▶ [DATA UNDER STUDY]:
'''

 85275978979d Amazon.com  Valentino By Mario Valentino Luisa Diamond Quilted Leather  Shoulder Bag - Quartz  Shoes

'''
'''

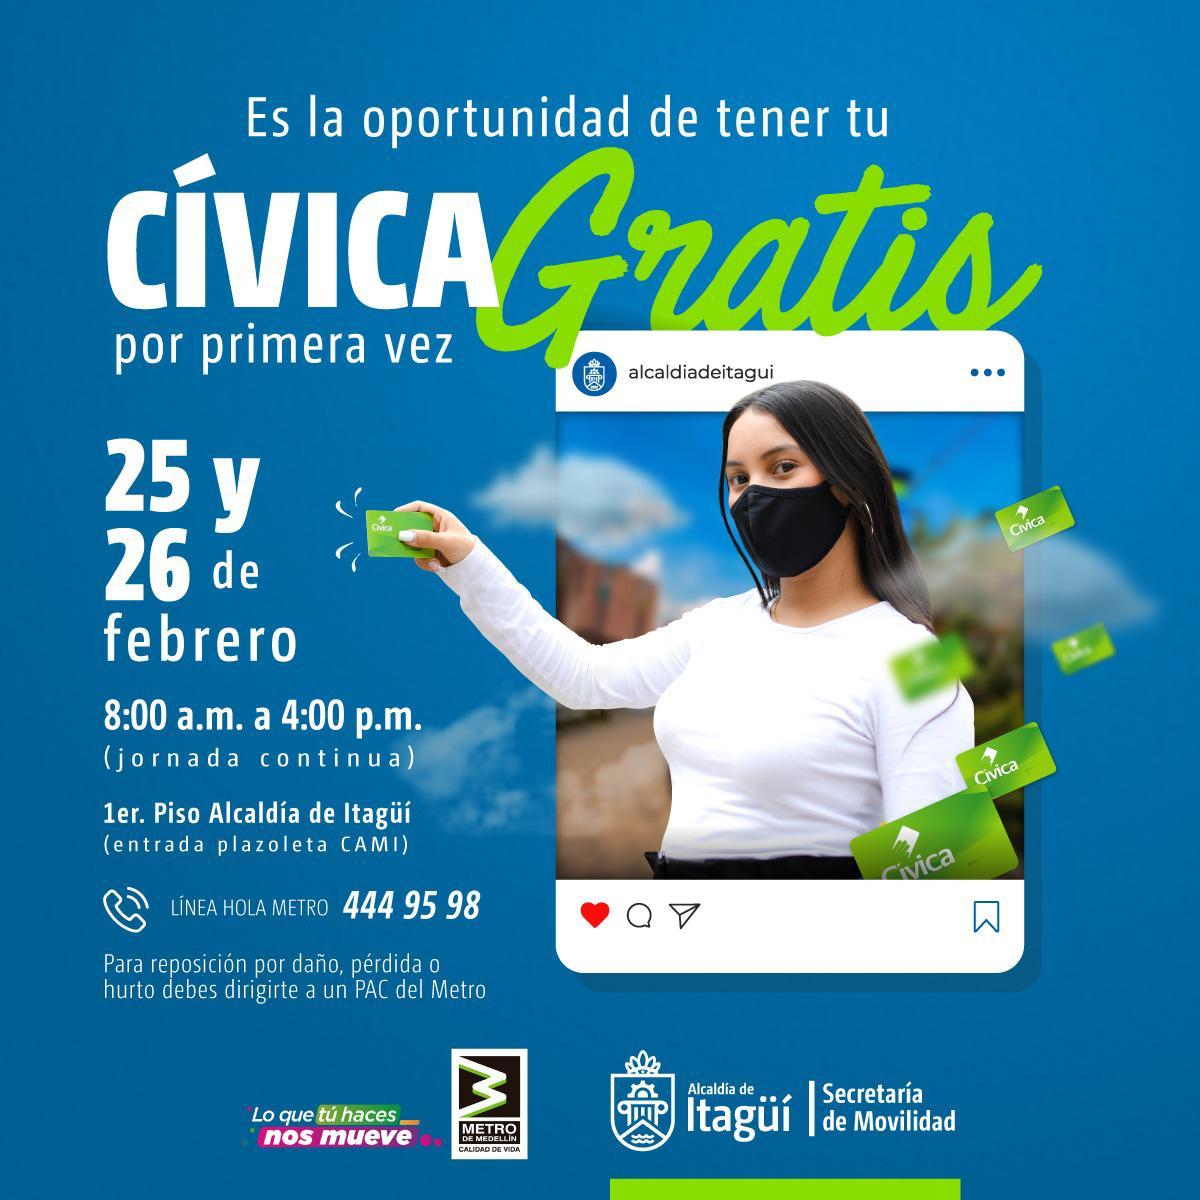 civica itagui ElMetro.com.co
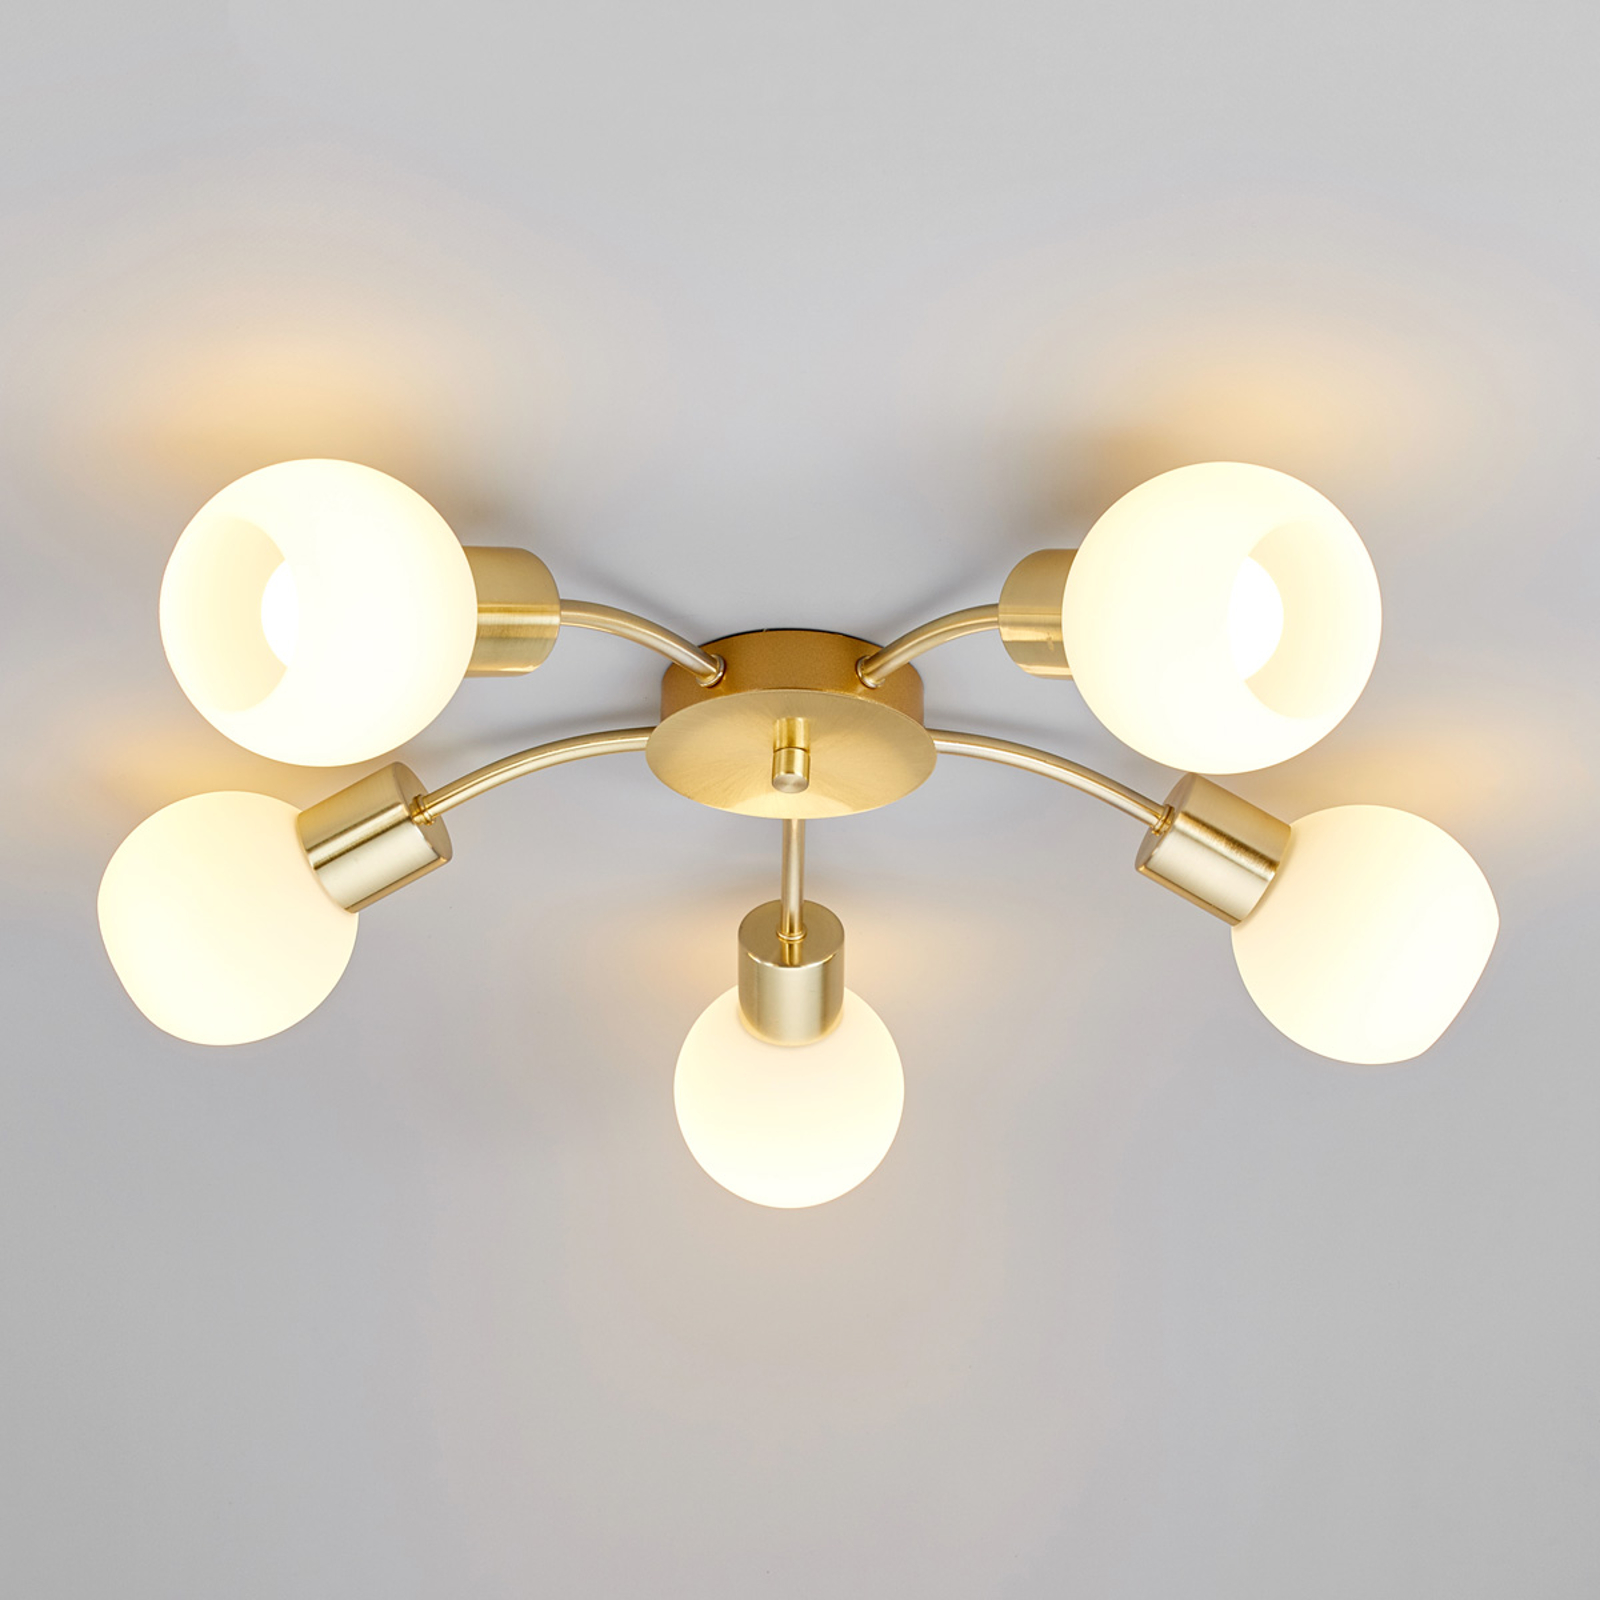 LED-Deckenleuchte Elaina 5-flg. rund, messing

'''

▶ [WORK REQUIRED]: Starting with the line that has "civica itagui ElMetro.com.co" and going on through the line that has "LED-Deckenleuchte Elaina 5-flg.", transcribe the records above exactly, but skip the pictures.

▶ [YOUR RESPONSE]:
 civica itagui ElMetro.com.co
 LED-Deckenleuchte Elaina 5-flg. rund, messing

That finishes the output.